On the Canadian Hot 100 chart, the song debuted at number 2, for the issue dated May 5, 2012. The following week, the song fell to number 3, where it remained for a further week. The following week, the song climbed to number 2 and on the chart issue dated June 2, 2012, the song topped the Canadian charts. For the following seven weeks, the song remained at the top, spending a total of eight weeks at the top.

In the United Kingdom, "Payphone" debuted at number one on the UK Singles Chart. It remained at the top of the chart for two non-consecutive weeks and became both Maroon 5's and Wiz Khalifa's first chart-topping song in Britain. It sold over 141,000 copies, which marks the third week in a row that the number one single broke the 100,000 barrier after Gary Barlow and Cheryl Cole. According to the Official Charts Company, the song sold 725,000 copies in the United Kingdom in 2012, becoming Britain's ninth best-selling single of that year. "Payphone" had sold 68,000 digital copies in Italy.

==Music video==
The music video for "Payphone" directed by Samuel Bayer, was shot on April 17 and 18, 2012. Maroon 5 frontman Adam Levine was spotted shooting the video, making a call from a Los Angeles phone booth, fleeing from the police with model Bregje Heinen and speeding away in a classic sports car. It is revealed in the video for Levine's role is a bank worker, he said: "I work at a bank; I have no self-confidence. It's gonna be a very difficult role for me to play because I'm a cocky motherf**ker." The video for "Payphone" premiered on May 9, 2012, on E! and was released on Vevo on May 10. It was reportedly similar to The Matrix, The Dark Knight and Die Hard, and the high-action FPS video game, Payday: The Heist. The car used in the video, a custom 1967 Shelby Cobra, was a kit-car hand built by car enthusiast Jim Fletcher from Fresno, CA.

In September 2026, "Payphone" became the band's sixth video to reach one billion views on YouTube.

===Synopsis===

A still from the video. Levine is at a payphone, in a phone booth, trying to call home.

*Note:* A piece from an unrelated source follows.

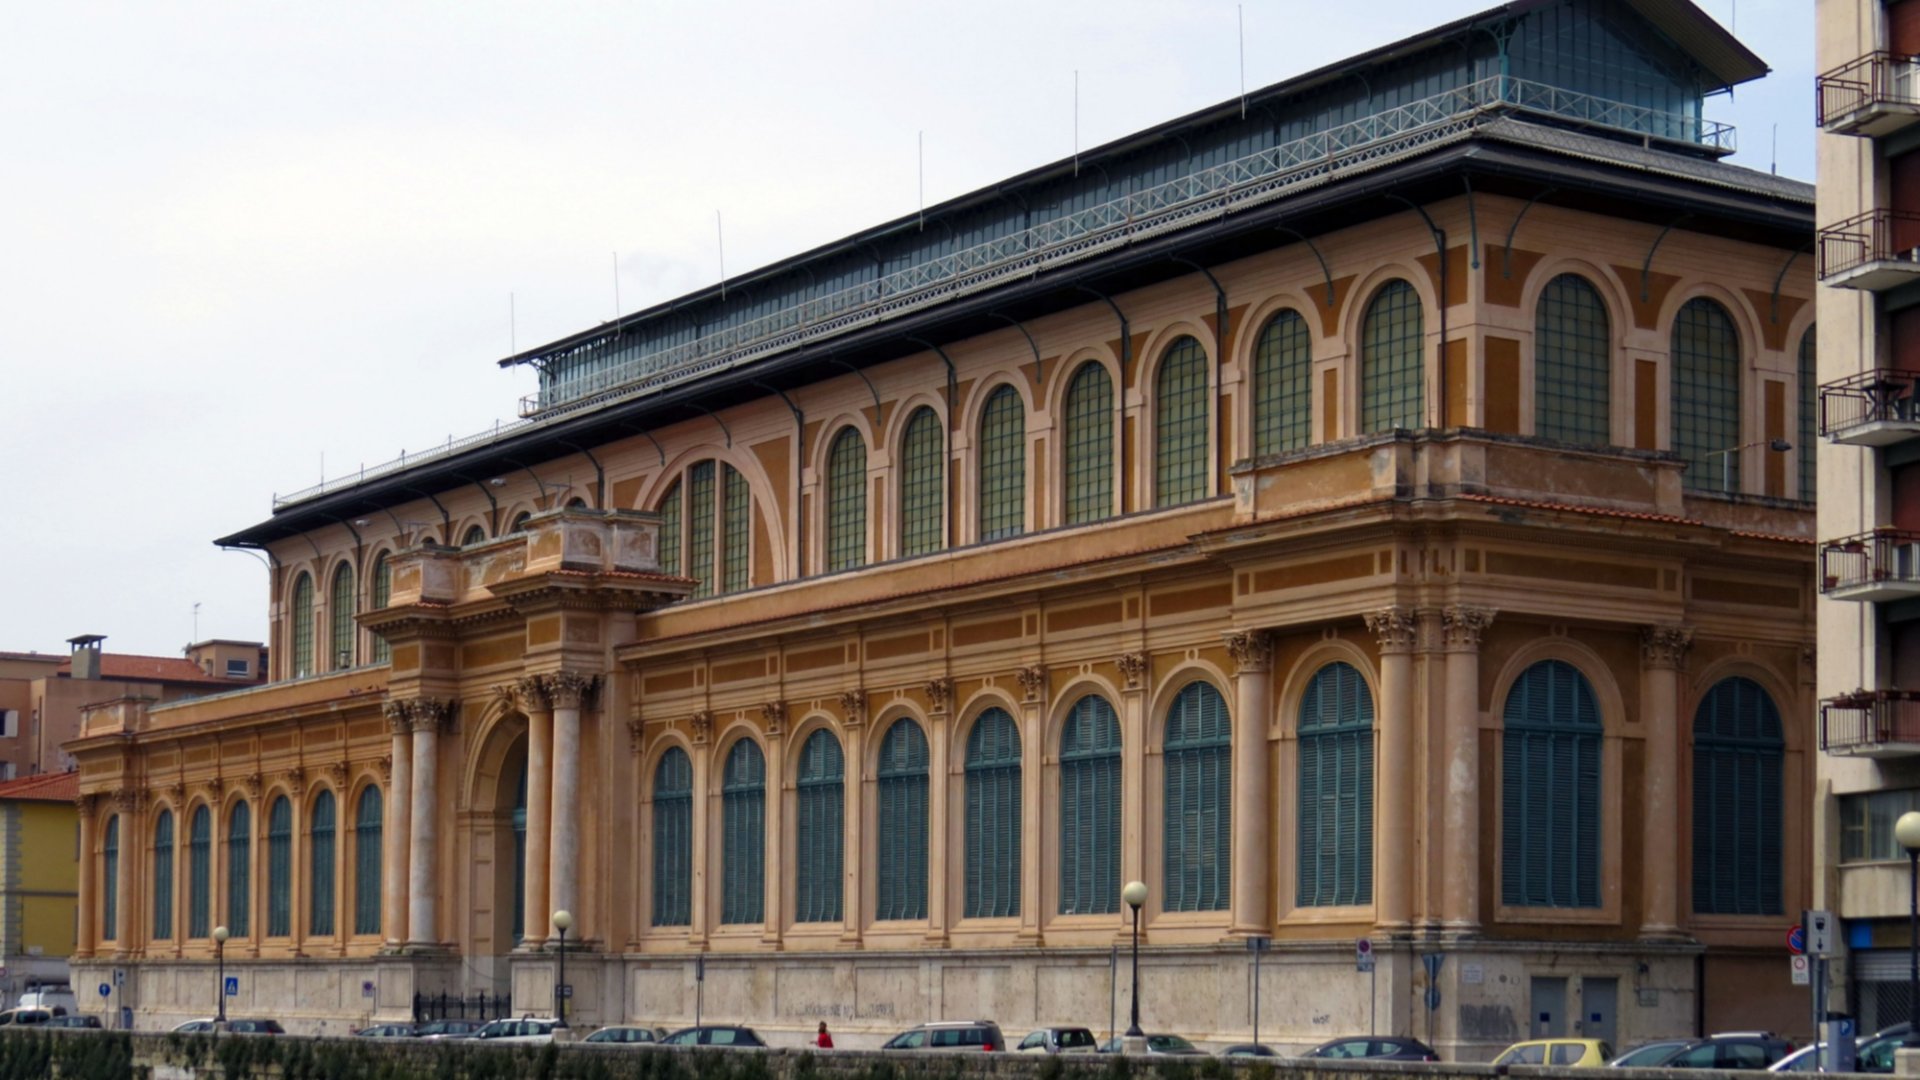 struttura ottocentesca in ferro e vetro

The video begins with a flash forward that starts with a beleaguered Levine torching his ride and dialing a telephone number at a payphone. Another typical day at a Las Vegas (seen from the decals on the police cars) bank for Levine is shown next, which turns into chaos when some bandits enter and take charge (some of the bank robbers are played by the other members of the band: guitarist James Valentine, drummer Matt Flynn, bassist Mickey Madden and keyboardist, previously a touring Maroon 5 member, PJ Morton) – all of this happens while the song plays in the background. Levine grabs a gun from one of the robbers and threatens to get rid of them. He and his female co-worker named Sonya (Bregje Heinen) escape, though Levine is shot in the arm, but when some cops mistake him for one of the robbers as they begin to chase. Levine tells Sonya to hide in a car and steals an AC Cobra 427 that belongs to Wiz Khalifa to get away from them. A car chase follows, and when Levine is almost caught by the police, he steers the stolen convertible onto the wrong side of the road and causes a huge explosion, which destroys one of the police cars. When he finally reaches his destination in Los Angeles, he passes by a place where Khalifa, the owner of the car, performed his rap earlier. After Levine gets out of the convertible, it also explodes and he enters a booth, injured, with the titular payphone, probably to call for help (it is also likely that he is calling Sonya) – this connects to the beginning of the video.

===Reception===
Natalie Finn of E! News gave a positive review for the video, writing that "Adam Levine looks just as good as a buttoned-up bank employee as he does as a dirty, wounded fugitive trying to outrun the cops". Becky Bain of Idolator wrote that "The clip is an enjoyable mini-blockbuster, but it’s still missing one important ingredient: Adam Levine without a shirt." Rebecca Ford of The Hollywood Reporter gave a mixed review, writing: "Although it's fun to see such a big-budget clip from the band, the story line doesn't make complete sense. Since Levine's character didn't rob the bank, why does he keep running from the cops? And why does he leave the pretty lady behind?". Kyle Anderson of Entertainment Weekly, wrote that "There's a little bit of John McClane in Levine's performance–could he have a future as an action star".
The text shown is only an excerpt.